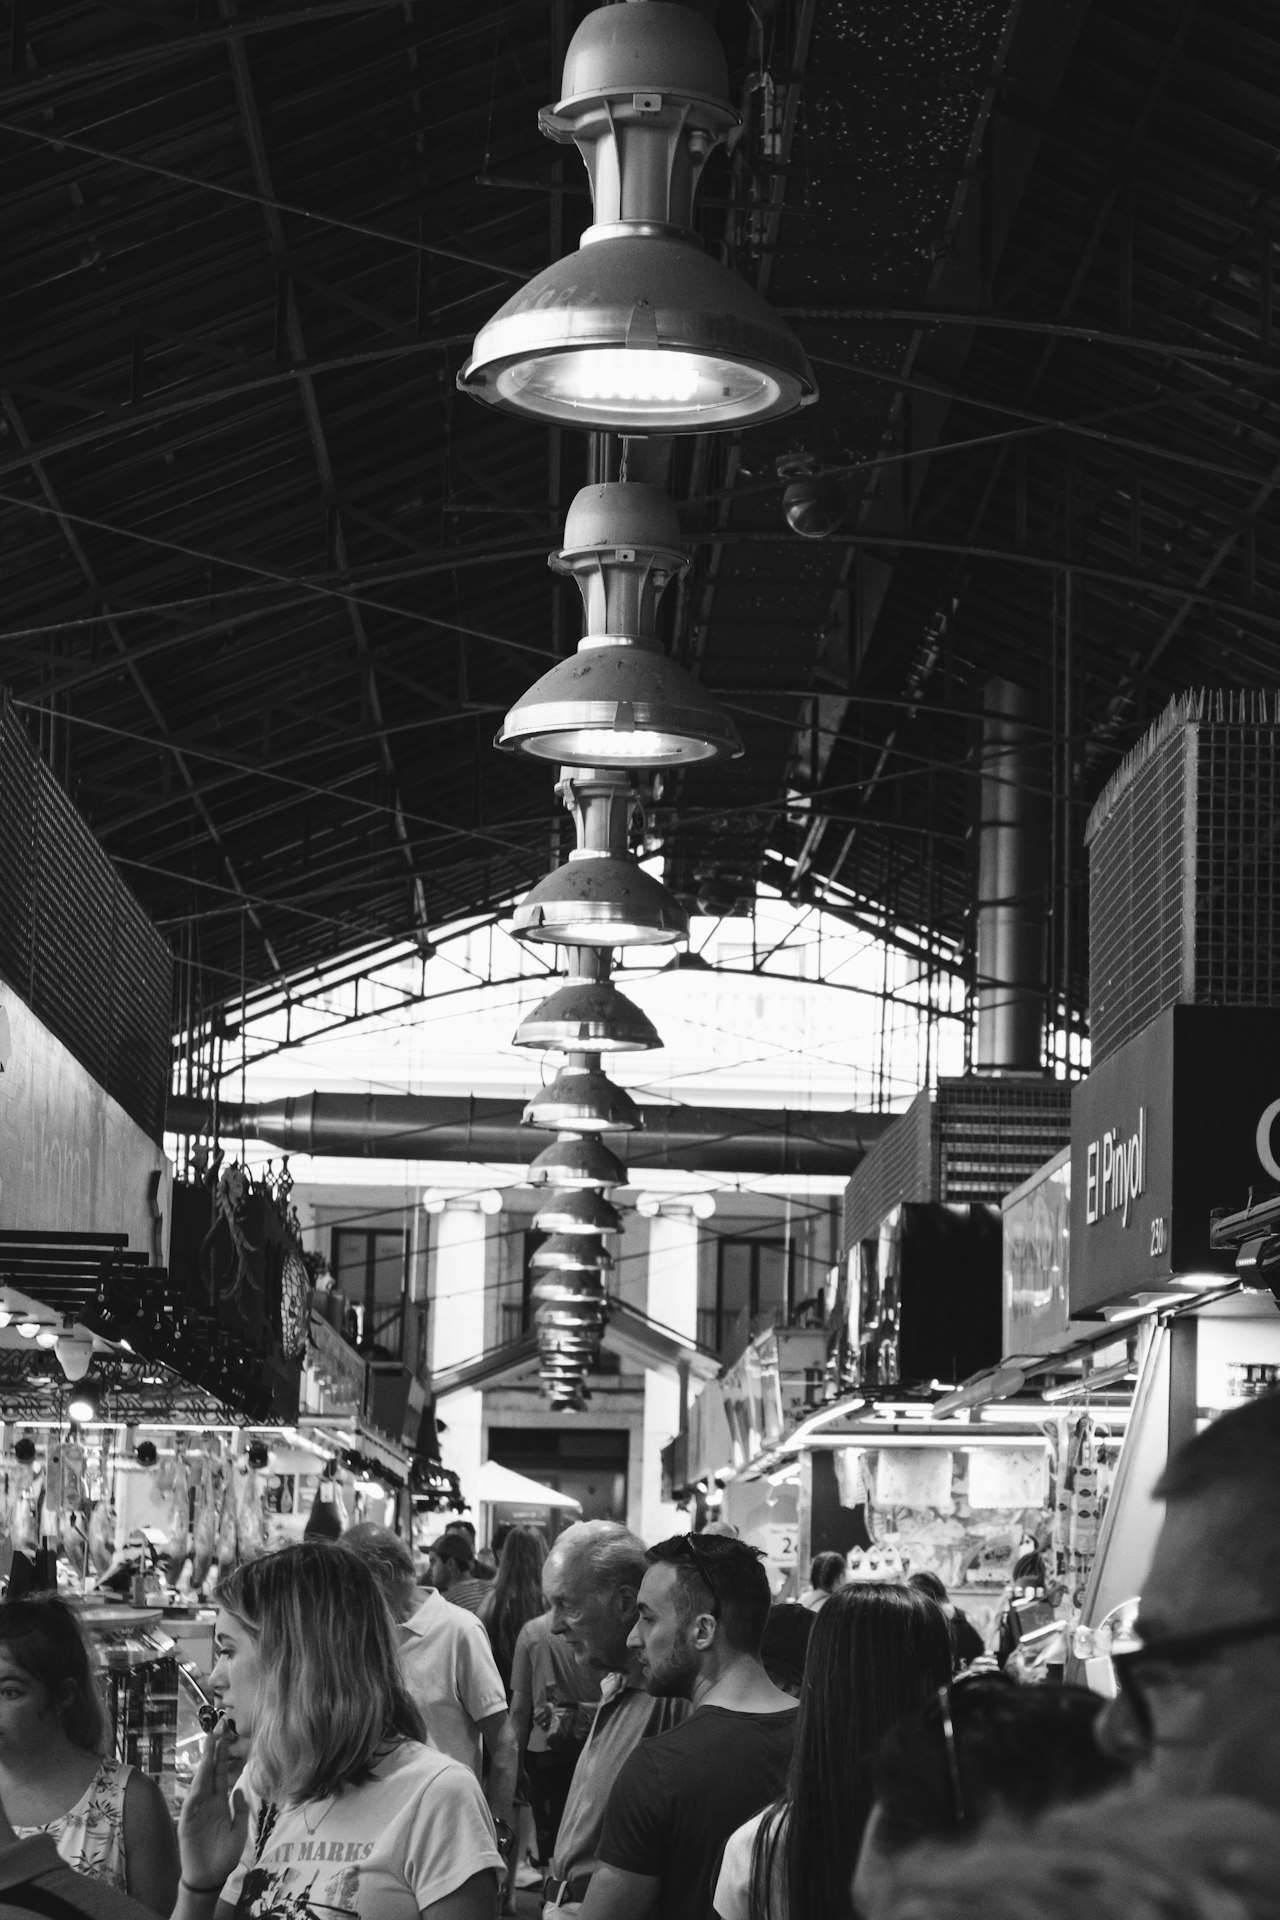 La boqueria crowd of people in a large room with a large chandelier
────
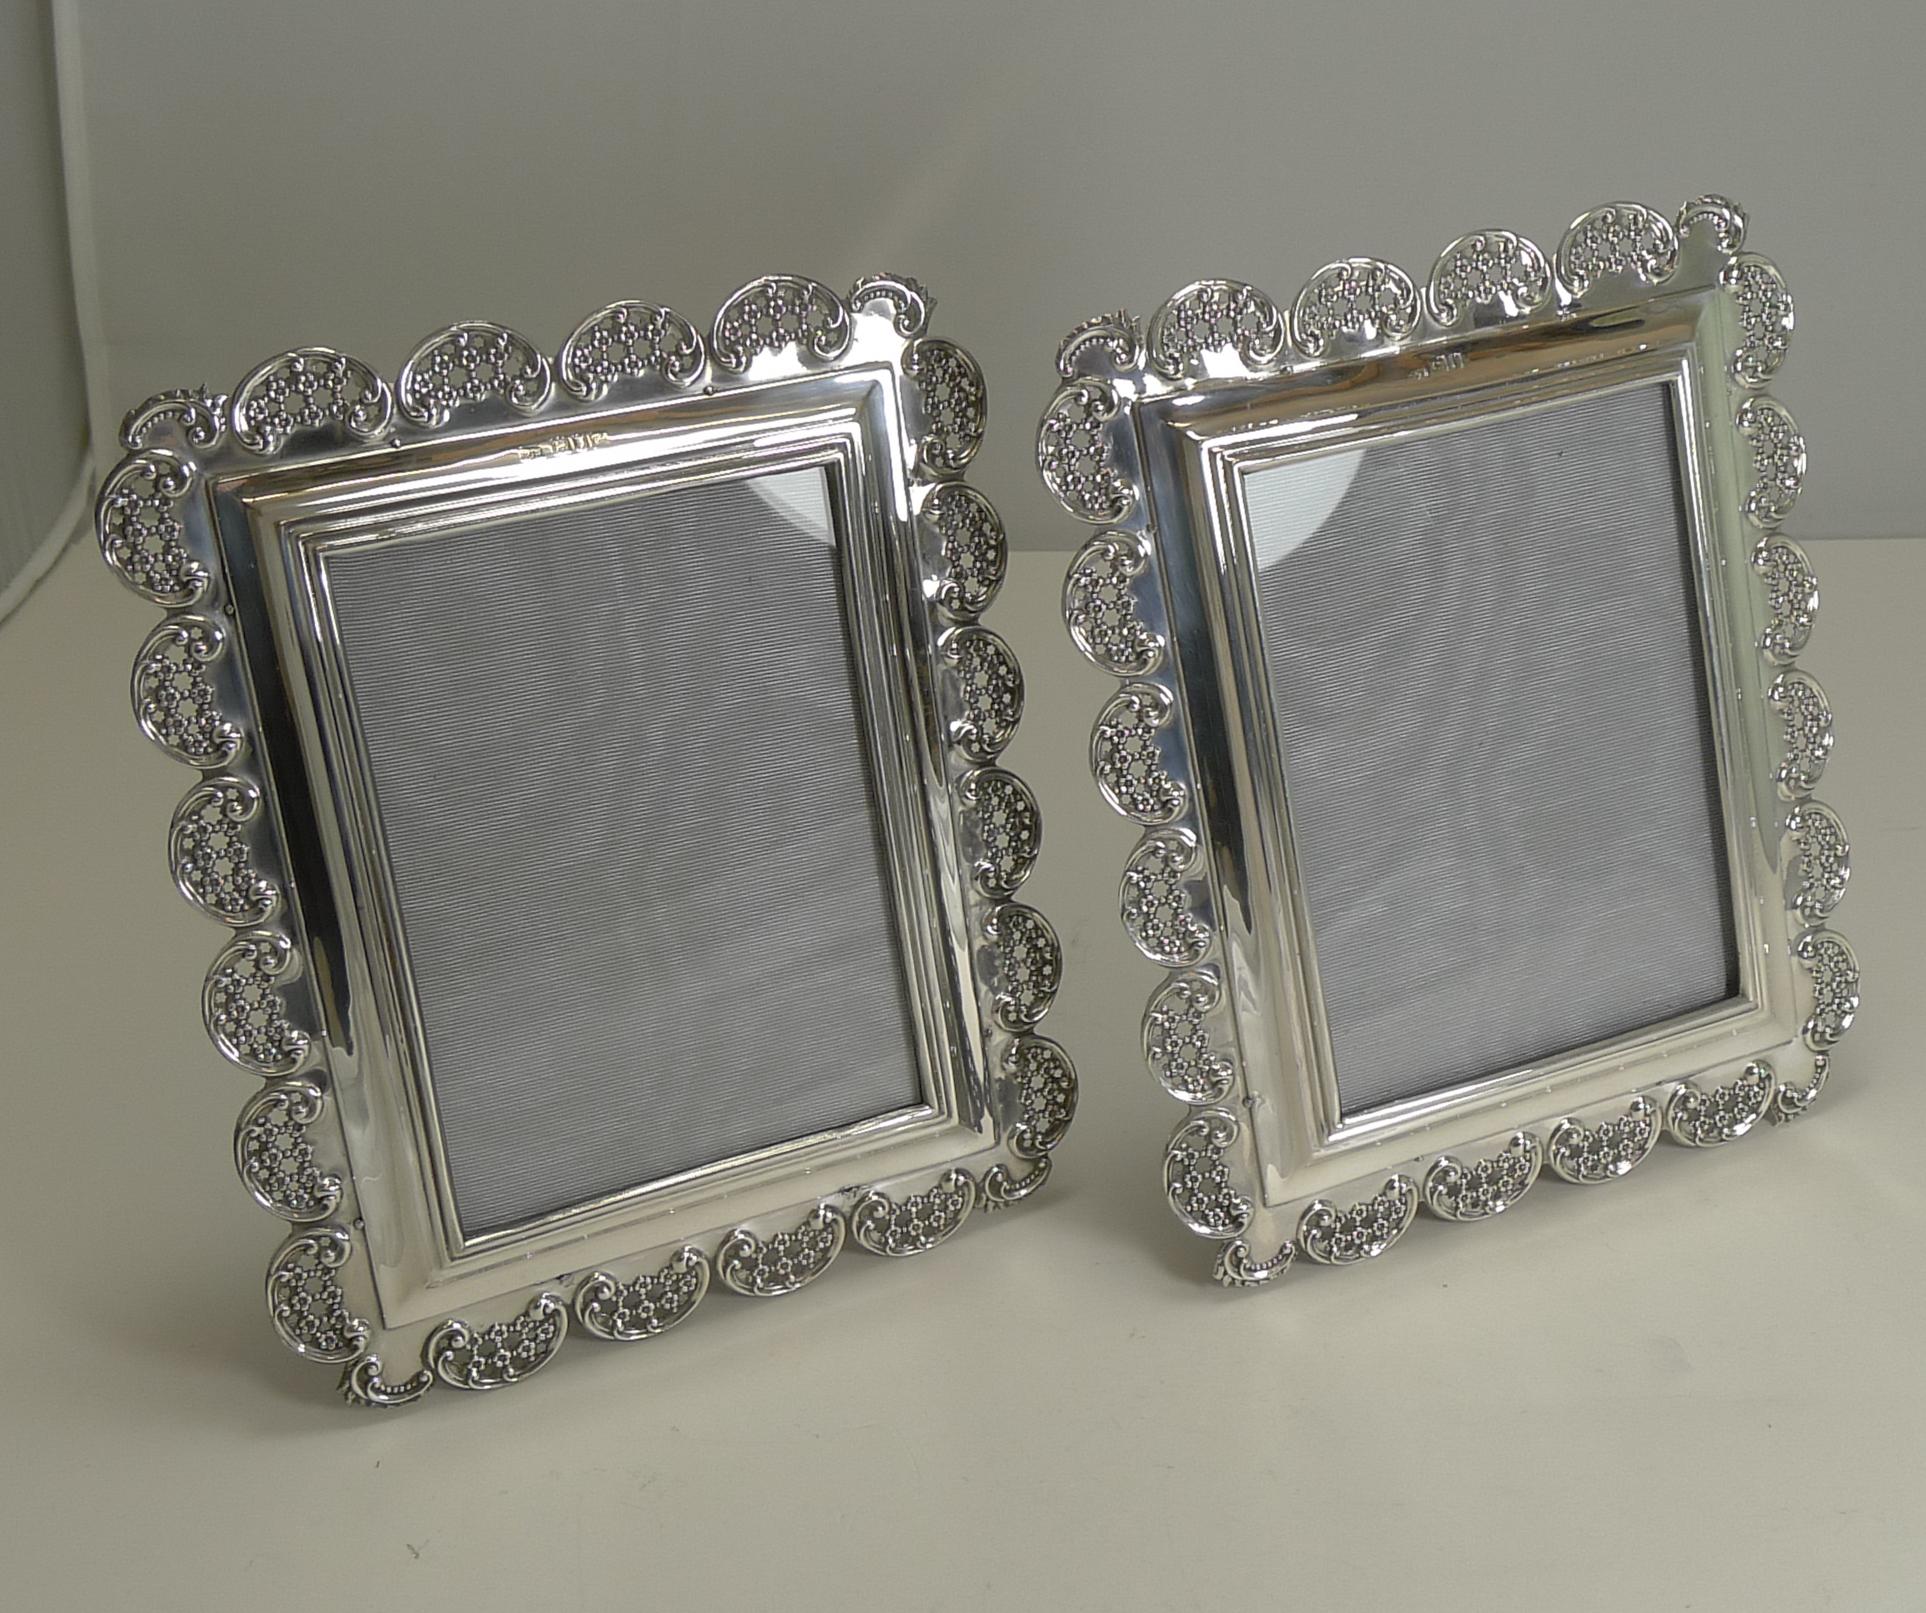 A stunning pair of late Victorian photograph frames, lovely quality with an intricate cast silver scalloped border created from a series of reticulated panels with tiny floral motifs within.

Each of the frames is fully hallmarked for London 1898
────
Work instructions:
Range to print from the listing above: from the line with "A stunning pair" up to and including the line with "Each of the". Please print those lines exactly, with no pictures and nothing more.

Response:
 A stunning pair of late Victorian photograph frames, lovely quality with an intricate cast silver scalloped border created from a series of reticulated panels with tiny floral motifs within.

Each of the frames is fully hallmarked for London 1898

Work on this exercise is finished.